Ahora los pongo en el plano contrario. Un
hombre que lleva tatuado el lema “sufriré lo que necesite”. Casi que se propone
a sí mismo lagrimear en una cafetería con tal de mitigar su dolor. Y muchas
veces a nosotros, como espectadores de ese llanto, nos genera cierto malestar.
A veces con desatino le decimos “Ya está. Ya pasó. Esto es lo natural. La gente
se muere” y sentenciamos casi con hidalguía “superalo”.

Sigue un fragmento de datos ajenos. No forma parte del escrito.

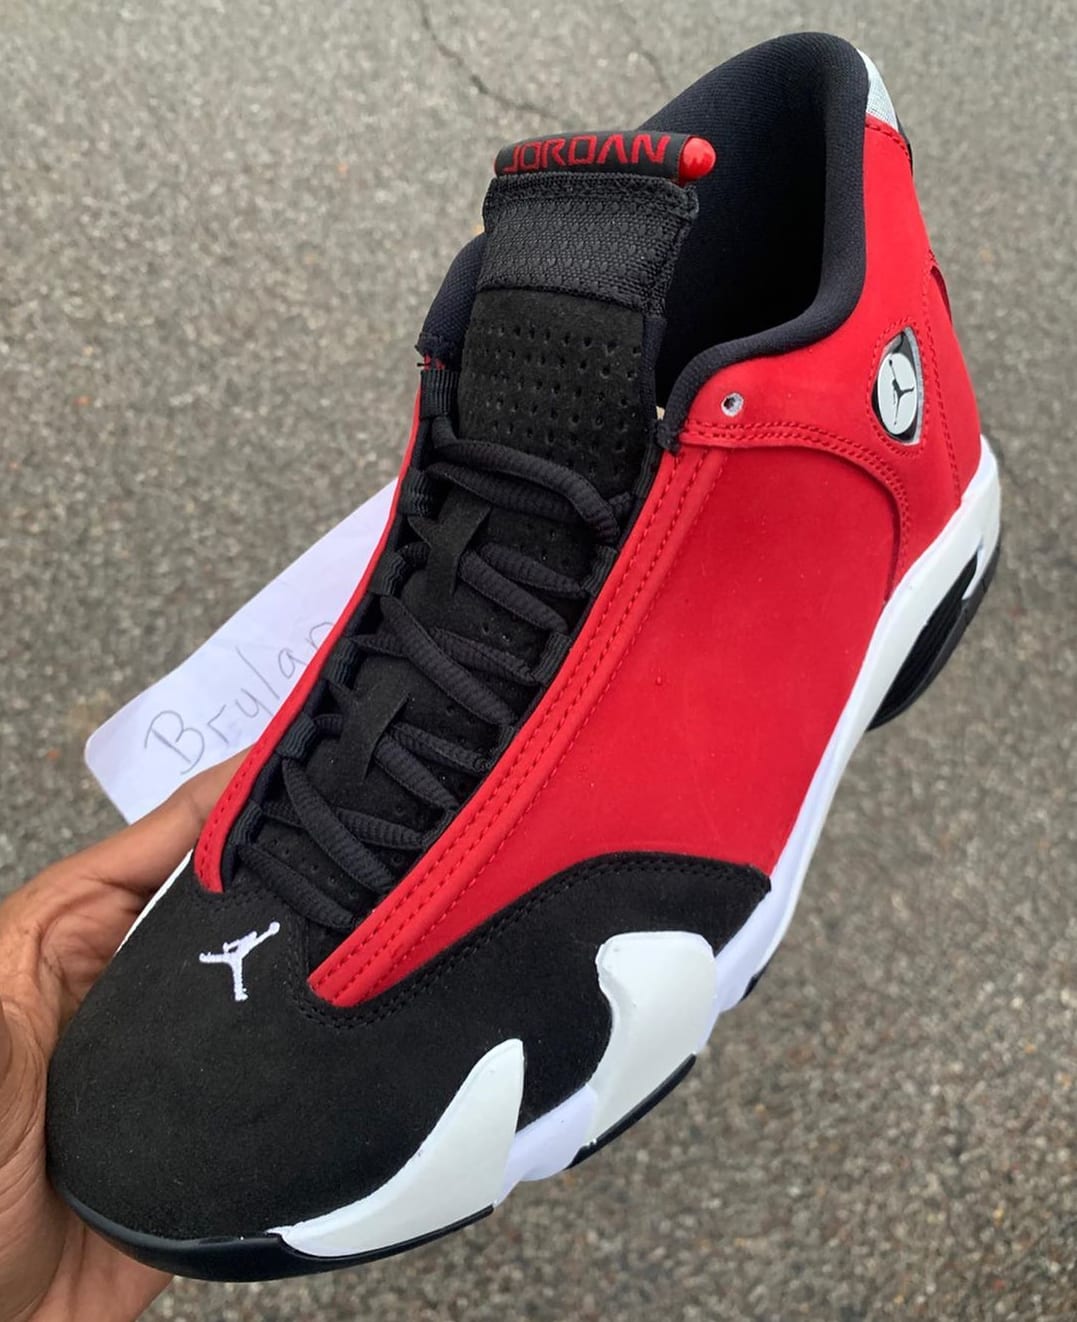 Air Jordan 14 XIV Retro 'Gym Red' Release Date 487471006 Sole Collector

¿Qué paso? ¿Soportamos que el semejante
sufra o no? ¿Entendemos el dolor ajeno y el propio? ¿Entendemos que alguien
este triste? ¿Entendemos esas decisiones que hacen los demás con tal de mitigar
su dolor? Yo creo que no.
No estamos preparados para el dolor. La
evolución olvidó desarrollar la capacidad para afrontar y entender el dolor
ajeno y a veces propio. No generalizo.
Volviendo al caso. Lily planteaba este
dilema: ¿me permito a mí y a él eliminar el sufrimiento y el dolor tras una
pérdida? Muchas veces uno se para frente a las decisiones de los demás y no
entiende el por qué. Pero todo se trata de alejar el dolor. La pregunta que
ahora me hago es por qué no afrontamos el dolor con el respeto que merece, pero
seguimos. Por qué una pérdida es capaz de aniquilarnos por unos meses. Nos
paraliza. Nos deja quietos sin entender por qué la vida fue tan injusta con
nosotros. A veces no sería más fácil “matar al marido, en vez de pedir el
divorcio”
¿Por qué nos estancamos y no nos permitimos
matar al marido? Porqué esta socialmente mal visto. Creo que en parte sí.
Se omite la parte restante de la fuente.